Trading near $70 per share at the end of the first week in July, Amazon appears overvalued. The price is very steep considering its volatile past and its razor thin profit margins. One thing AMZN has delivered is top line growth. Sales have been increasing at a very robust rate, yet very little falls to the bottom line. This means little cash is left to distribute to shareholders.
Even though Amazon retains all income to plow back into growth, stocks are valued on the premise of CF that could be distributed if the company so chose. Revenue has grown an average 28% annually the past 5 years, yet operating margins have average just a little more than 4% and net margins less than 2%.
Currently AMZN trades at 68x this years estimated earnings and 52x next year. Google trades 32x next year’s eps and Ebay trades at 24x. Both have Similar growth prospects as Amazon, but their margins are extremely higher and they also don’t have to invest in physical inventory such as AMZN.
No matter how fast Amazon expands, the fact is profitability will remain weak due to intense competition endemic to the retail industry. Amazon has to offer low prices to bring consumers to cyberspace as opposed to the bricks and mortar outlets. Prices also have to be low enough to offset the cost of shipping. Many large bricks and mortar companies are becoming more savvy with creating and managing their online stores. As they continue to improve, Consumers can shop online and possibly have the option to pick the items up from a physical store if one exists nearby.
Amazon is working on providing more web-based services and downloadable media products but competition looms there as well. In that aspect, Amazon is up against the likes of Google, Ebay, and Yahoo, all of whom have been in the game much longer. Additionally, AMZN has had to spend heavily on research and development in those endeavors essentially offsetting much of the benefits it provides. Amazon's share price has nearly doubled since April on the heels of improved earnings and outlook.
Some of theEPS improvement can be attributed to an artificially low tax-rate due to loss-carryovers, favorable forex translation, and cutbacks in R&D. So, the question is: are those conditions sustainable in the long-run?
3 years ago AMZN earned $1.39 / share with the aid of a negative tax rate and a lower R&D spending the next two years EPS declined to $.78 then to $.45. This year’s EPS is expected to be up @ $1.02 but with rates rising and a tired consumer, sustaining EPS growth will still be difficult even if AMZN has additional help with low tax rates and forex gains.

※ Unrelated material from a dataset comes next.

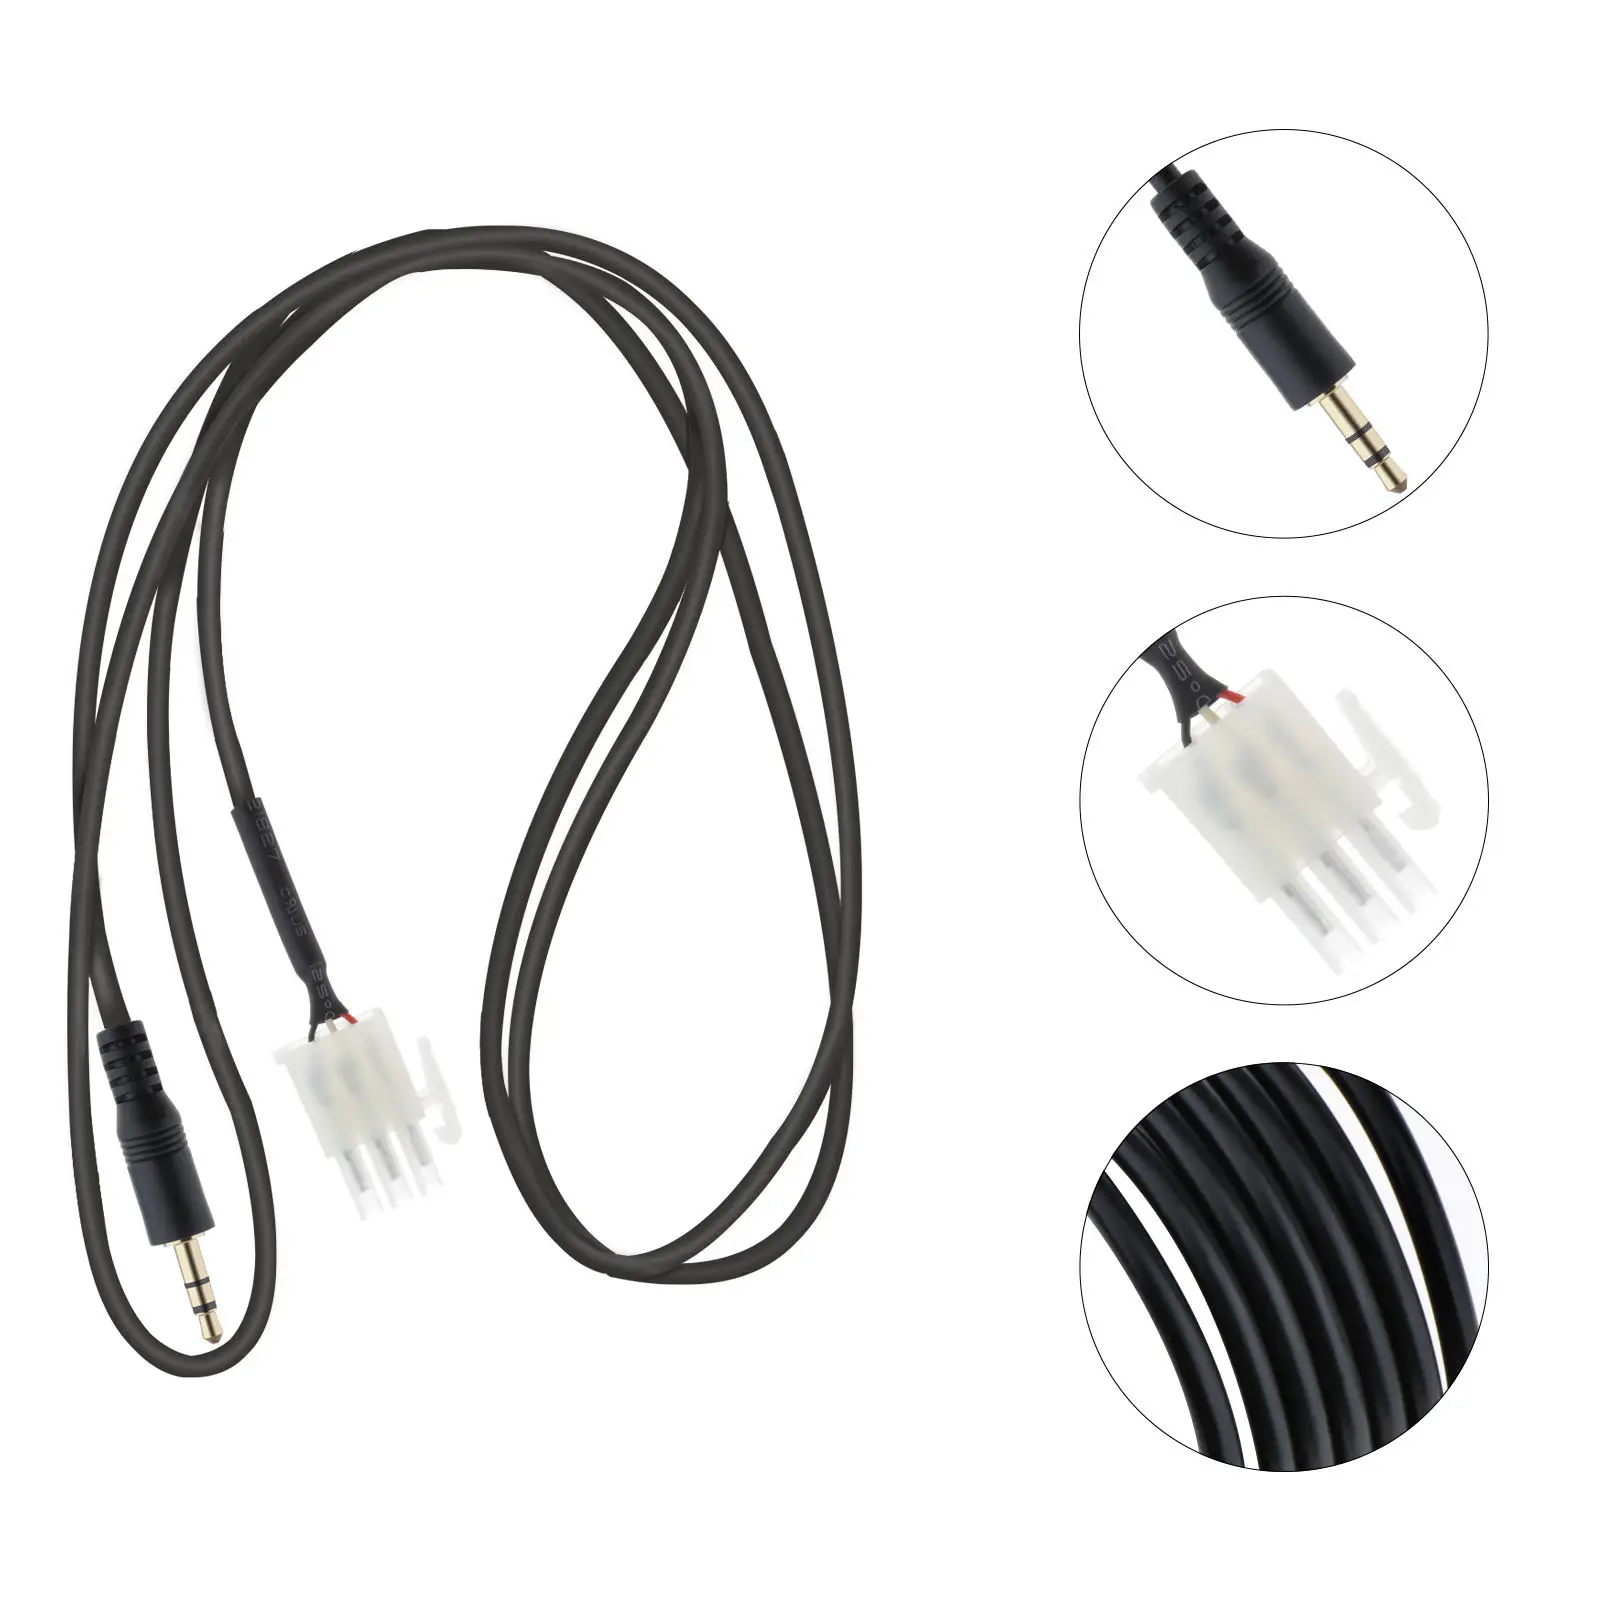 3.5mm Motorcycle AUX Audio Cable Male Line 3-PIN For Honda GL1800 Goldwing

Revenues have to continue their rapid pace for a substantial length of time and margins have to expand in order to justify the current price. At AMZN’s current level, the required rate of return is too low given the involved risks. Amazon has to meet very high expectations just to keep to stock where it is now, eliminating upside potential and creating huge downside risks.
Many of Amazon’s peers trade at lower multiples and they are better performers. That’s contrary to fundamental logic of paying up for higher returns. It doesn’t make sense to pay more and get less.
A more realistic valuation in my opinion is $45/Share. I definitely believe the stock has gotten ahead of itself, and short covering has definitely helped push the stock higher as 8 million shares of short interest got squeezed out last month.
I wouldn’t bet against this price momentum either; I wouldn’t short it unless the technicals completely collapsed. I wouldn’t buy it either unless it dropped into the low 40’s.